* What to produce *
Please restate the listing word for word, omitting the images.

* Stored data *
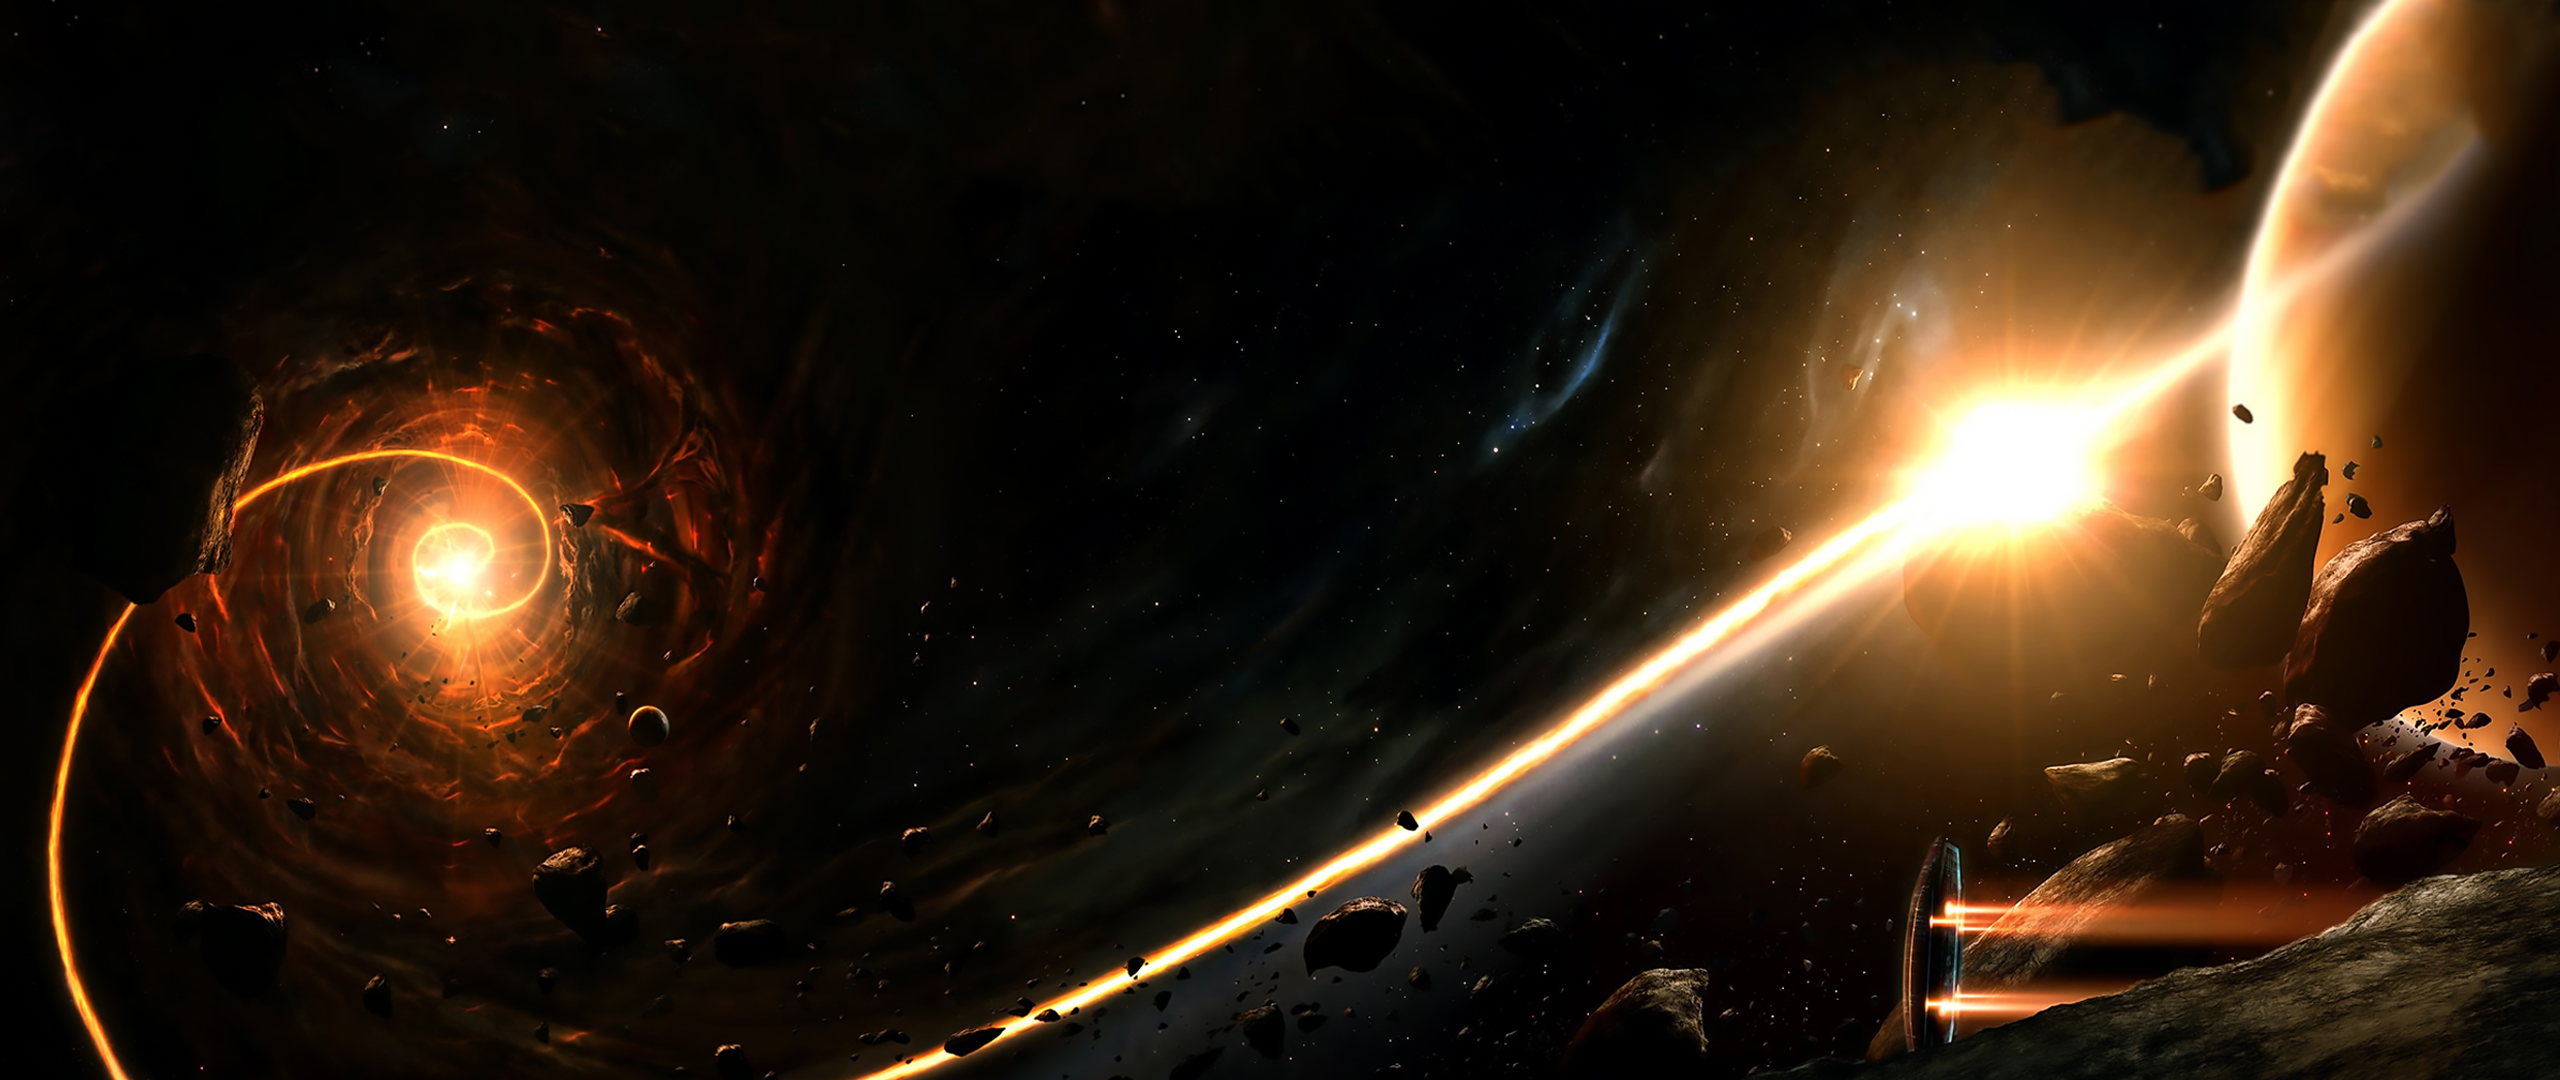 General 2560x1080 ultrawide space digital art asteroid lights planet spaceship
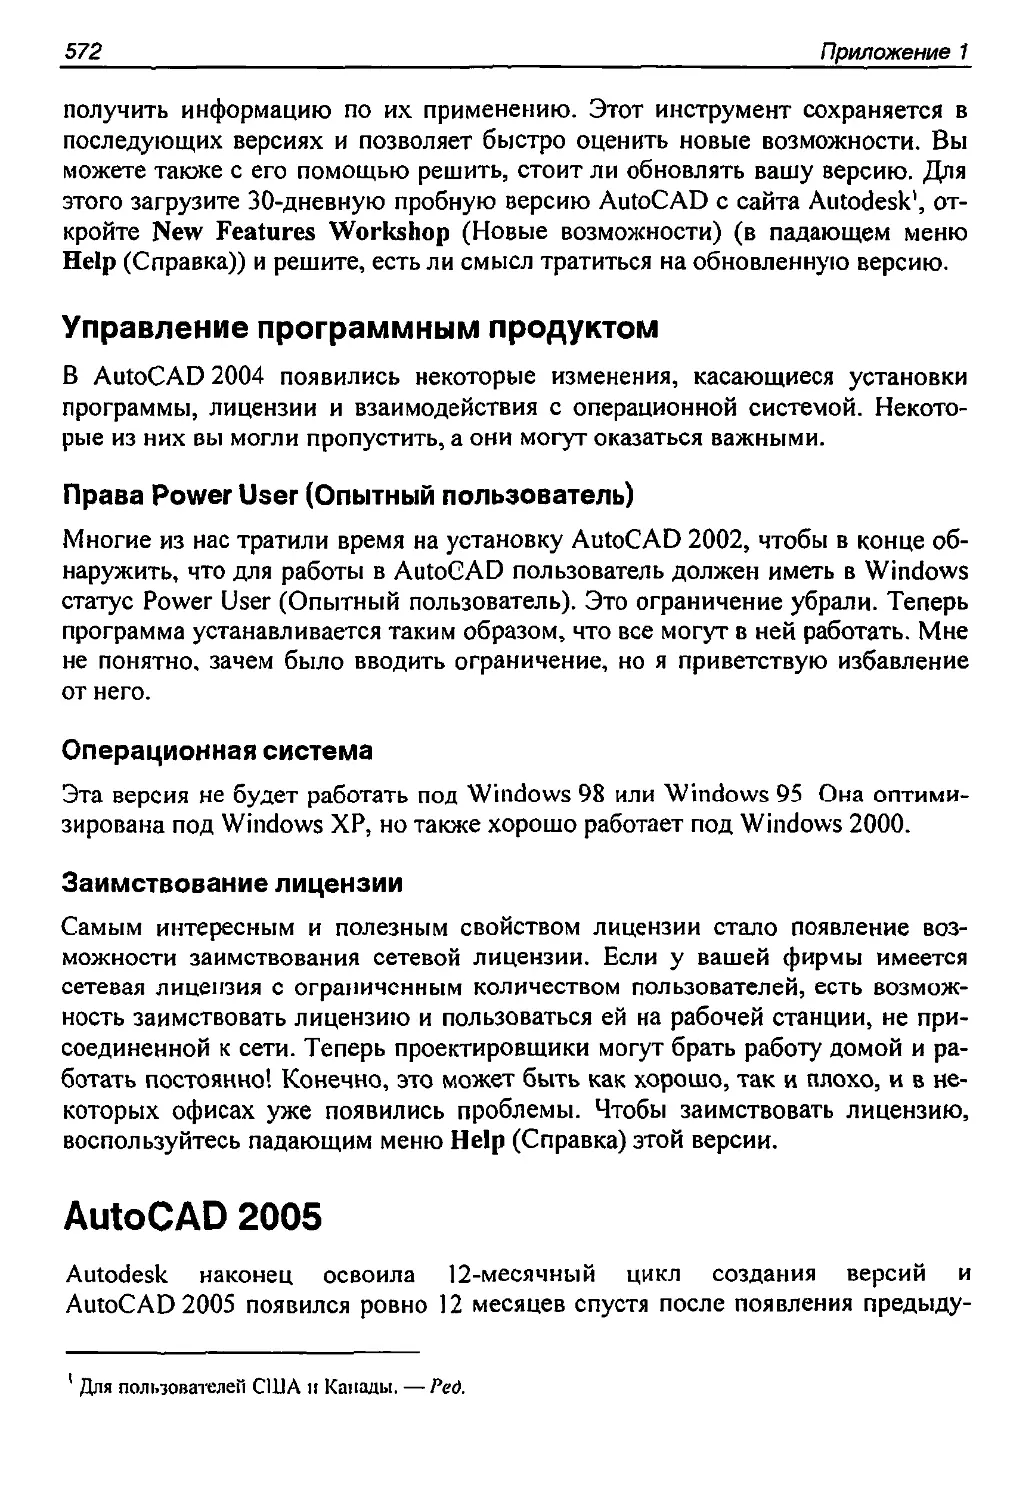 Управление программным продуктом
AutoCAD 2005
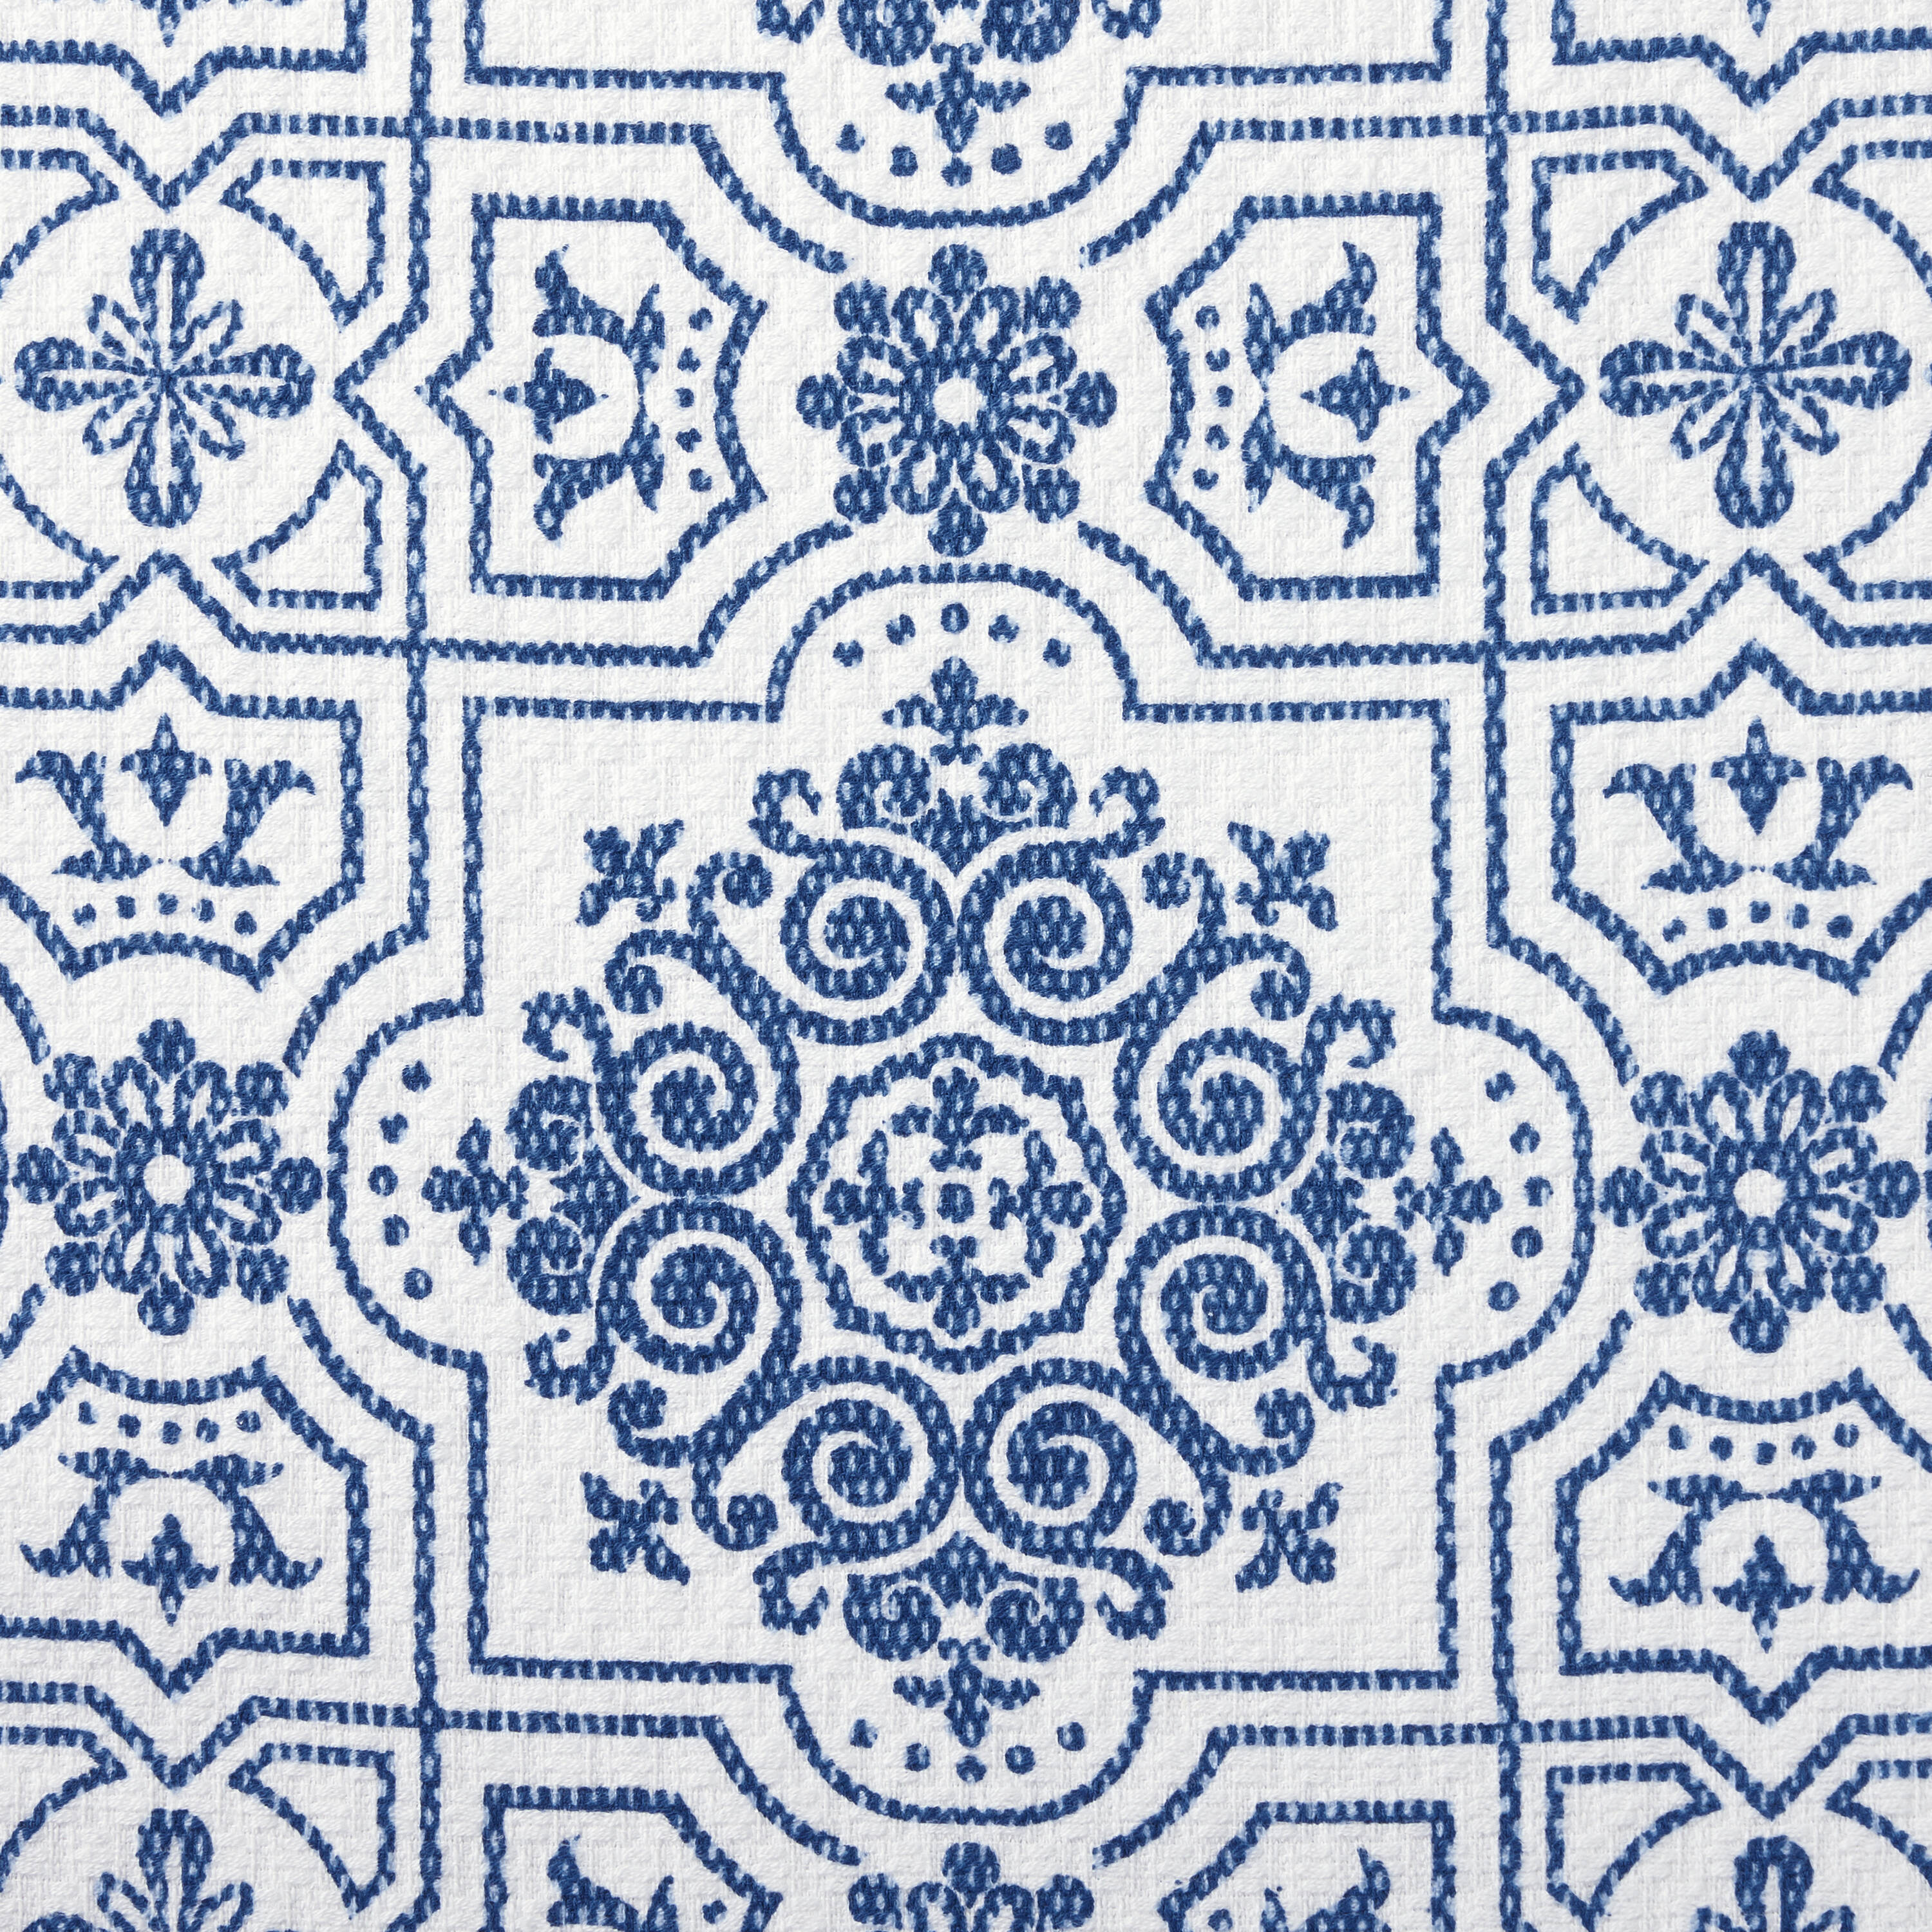 MARTHA STEWART FLORAL VINE KITCHEN TOWELS - SET OF 2 NAVY BLUE/BEIGE/WHITE

* Response to this task *
 General 2560x1080 ultrawide space digital art asteroid lights planet spaceship
 Управление программным продуктом
AutoCAD 2005
 MARTHA STEWART FLORAL VINE KITCHEN TOWELS - SET OF 2 NAVY BLUE/BEIGE/WHITE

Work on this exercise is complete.